Images are to be left out; everything else in the listing should be repeated exactly.

* Supplied information
────

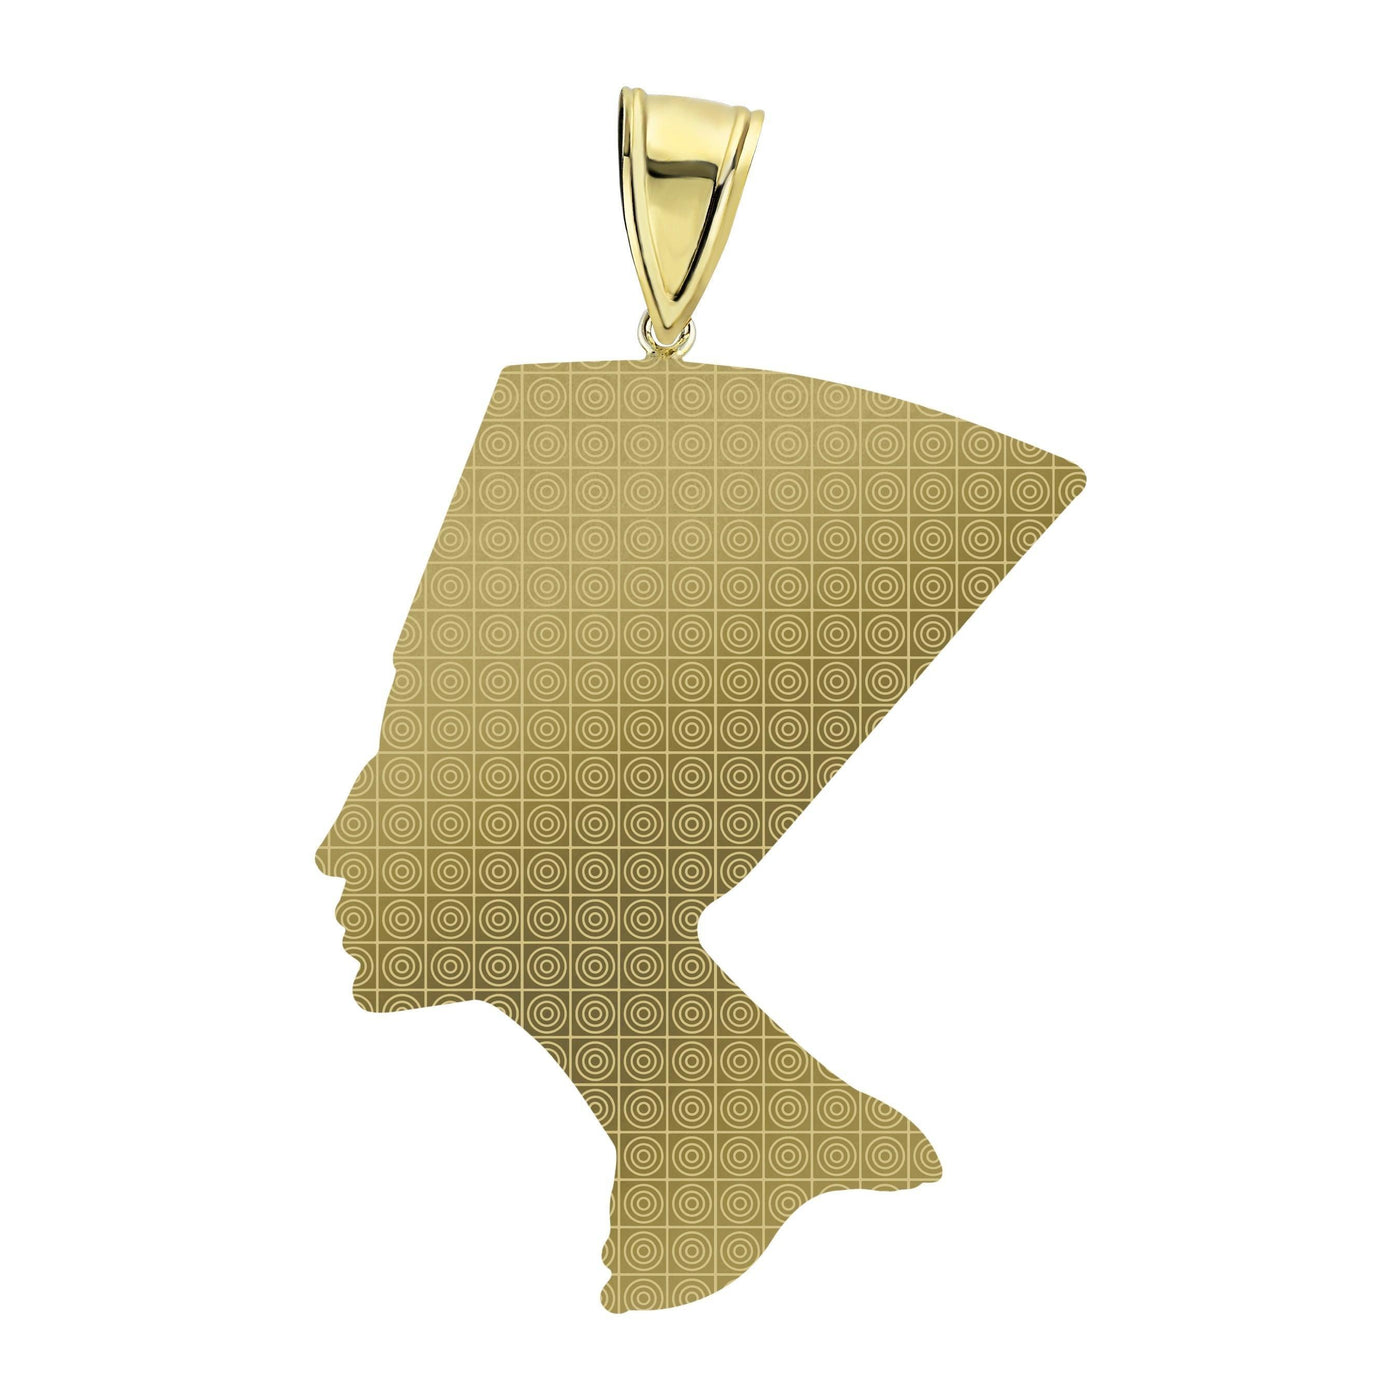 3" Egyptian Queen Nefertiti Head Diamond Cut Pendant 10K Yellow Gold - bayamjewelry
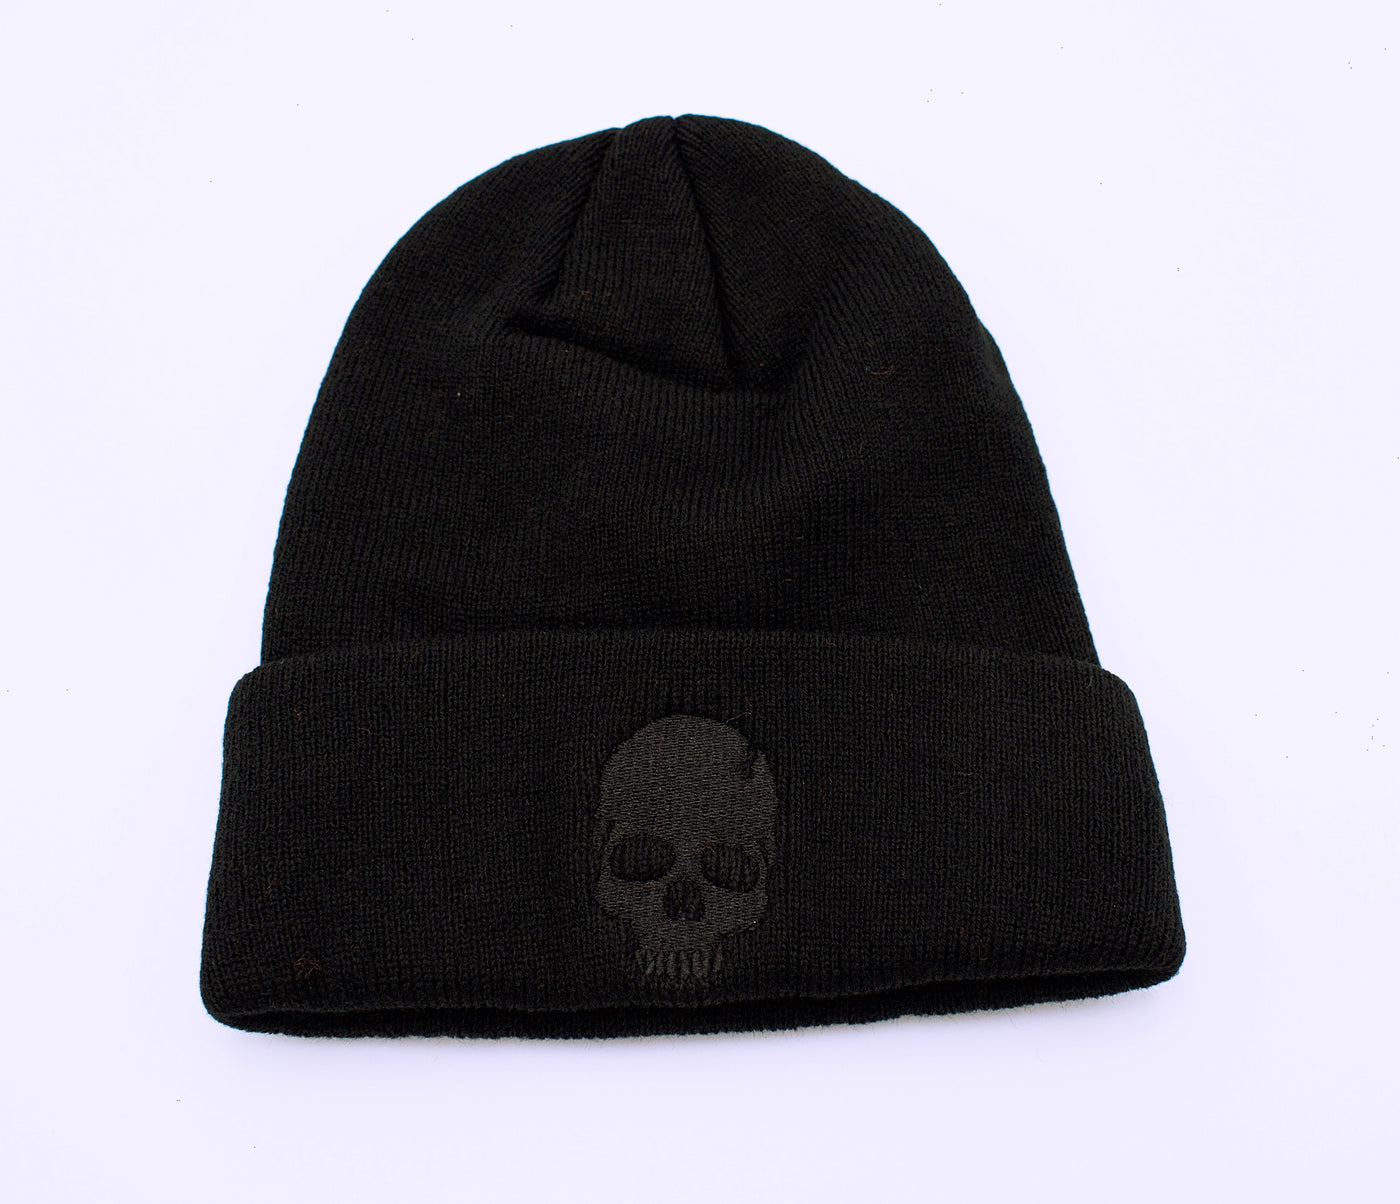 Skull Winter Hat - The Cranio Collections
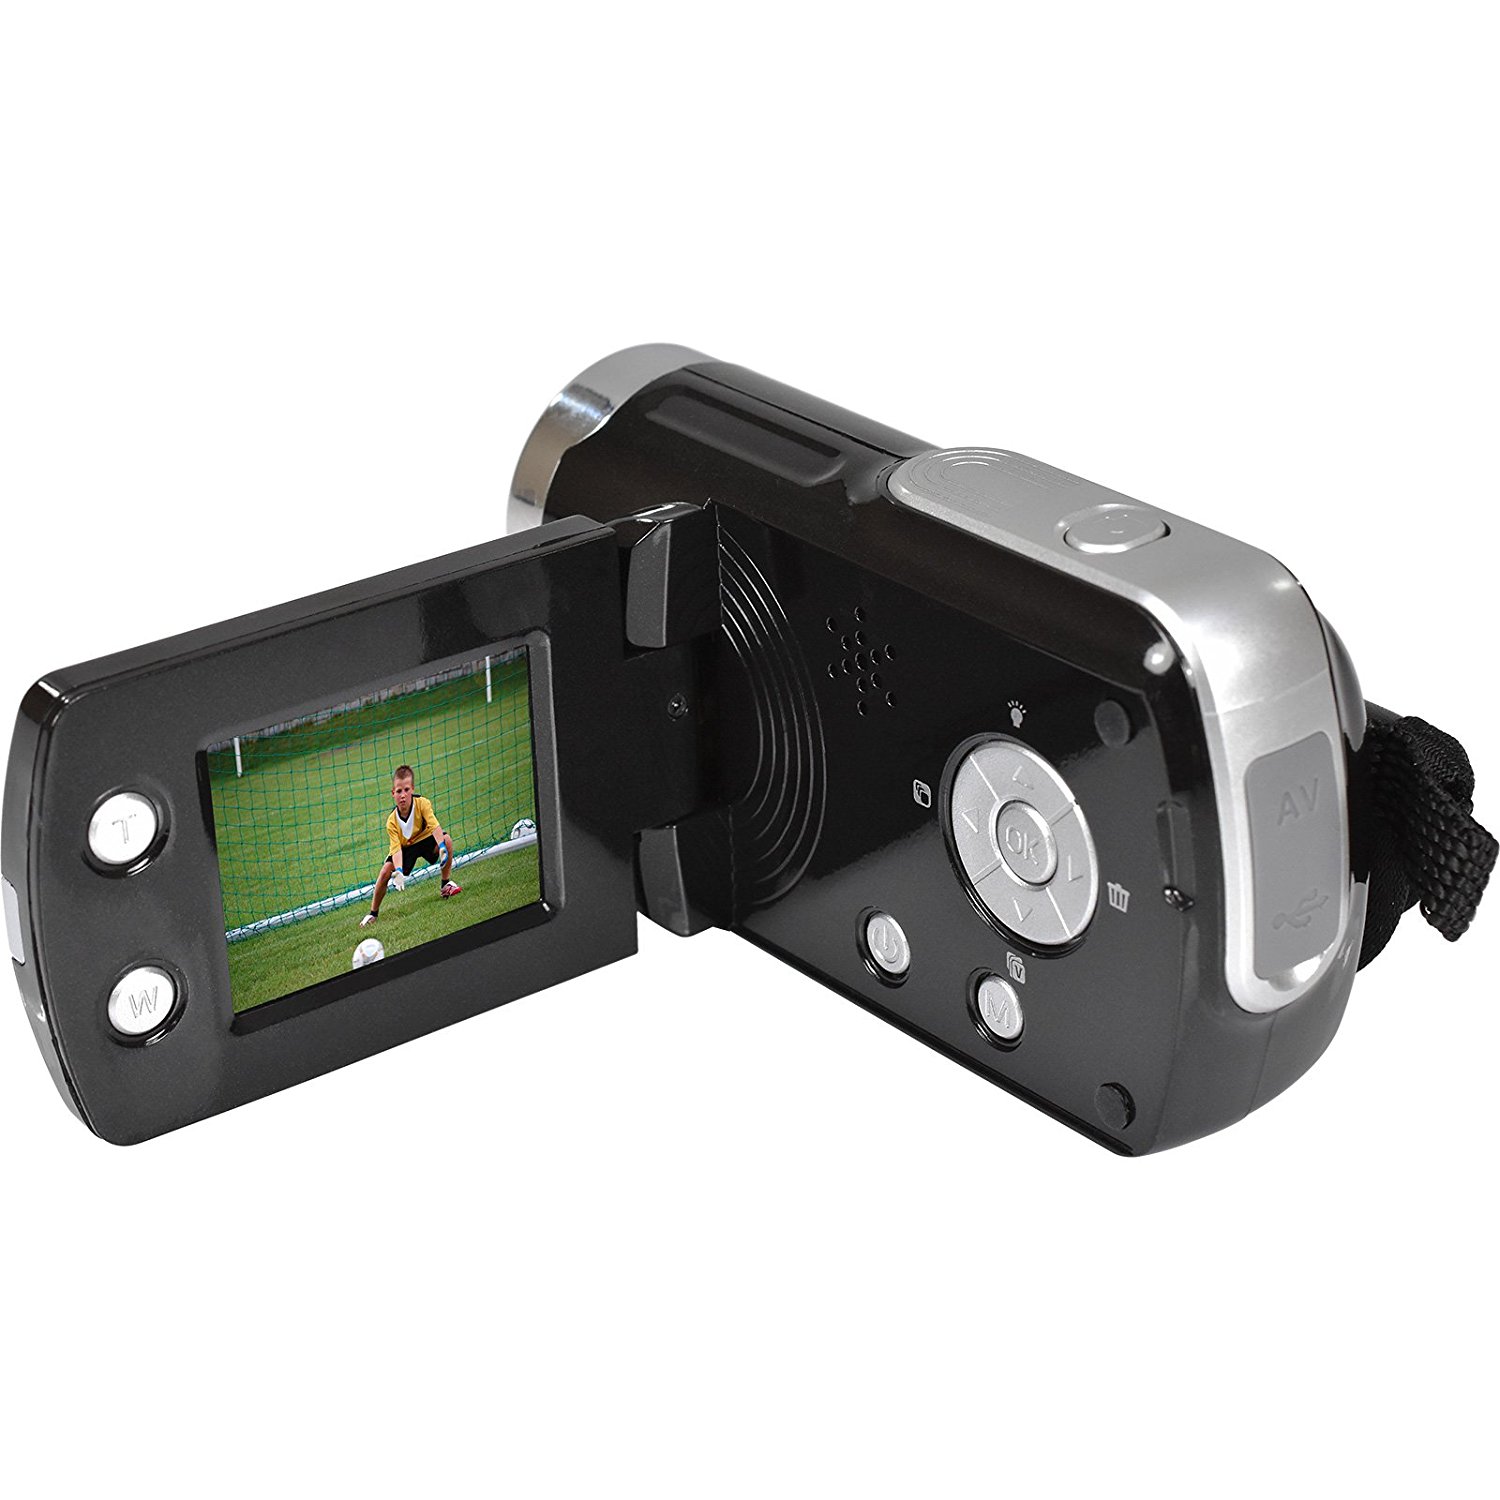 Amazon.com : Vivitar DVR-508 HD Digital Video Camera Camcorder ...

────

* Exercise response
 3" Egyptian Queen Nefertiti Head Diamond Cut Pendant 10K Yellow Gold - bayamjewelry
 Skull Winter Hat - The Cranio Collections
 Amazon.com : Vivitar DVR-508 HD Digital Video Camera Camcorder ...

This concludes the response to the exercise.